There must be something that I'm missing here. Any help would be appreciated. Thanks!

2. Jun 26, 2011

HallsofIvy

Staff Emeritus
You are missing the fact that individual elements of the set do not "have" their own identities. In order that "e" be the identity, we must have f(e, a)= f(a, e) for all a in the set. f(a,b)= max(a, b), over some ordered set, has an identity if and only if the set has an largest member.

3. Jun 26, 2011

math771

Thank you.

4. Jun 26, 2011

SteveL27

Wouldn't the "max identity" be the smallest element? For example in the natural numbers 0, 1, 2, ..., we have max(0, n) = n for all n, so 0 is the identity of the max operation.

5. Jun 26, 2011

math771

I was thinking the same thing.
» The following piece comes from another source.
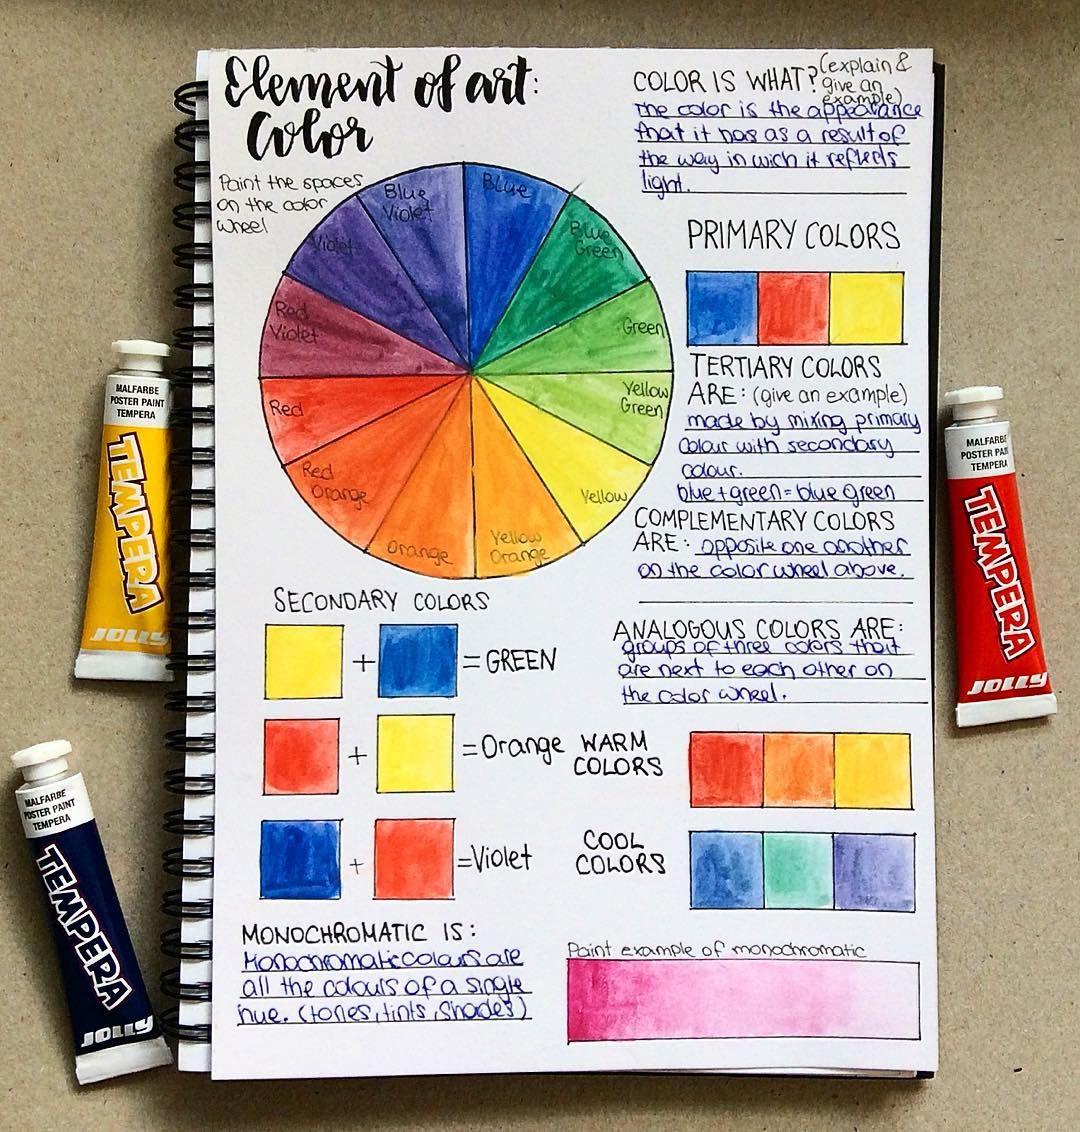 Gefallt 105 Mal 2 Kommentare T A M A R A Acryltastic Auf Instagram Element Of Art Color Elements Of Art Elements Of Art Color Elementary Art Projects [ 1132 x 1080 Pixel ]

Maybe that's what HallsofIvy meant.

6. Jun 26, 2011

gb7nash

Correct. Assuming the smallest element is e, then max(e,a) = max(a,e) = a for all a in the set. If you're dealing with min, then you do need a largest element in order to have an identity that works for all numbers.

7. Jun 27, 2011

HallsofIvy

Staff Emeritus
Yes, of course. I don't know why I said "maximum".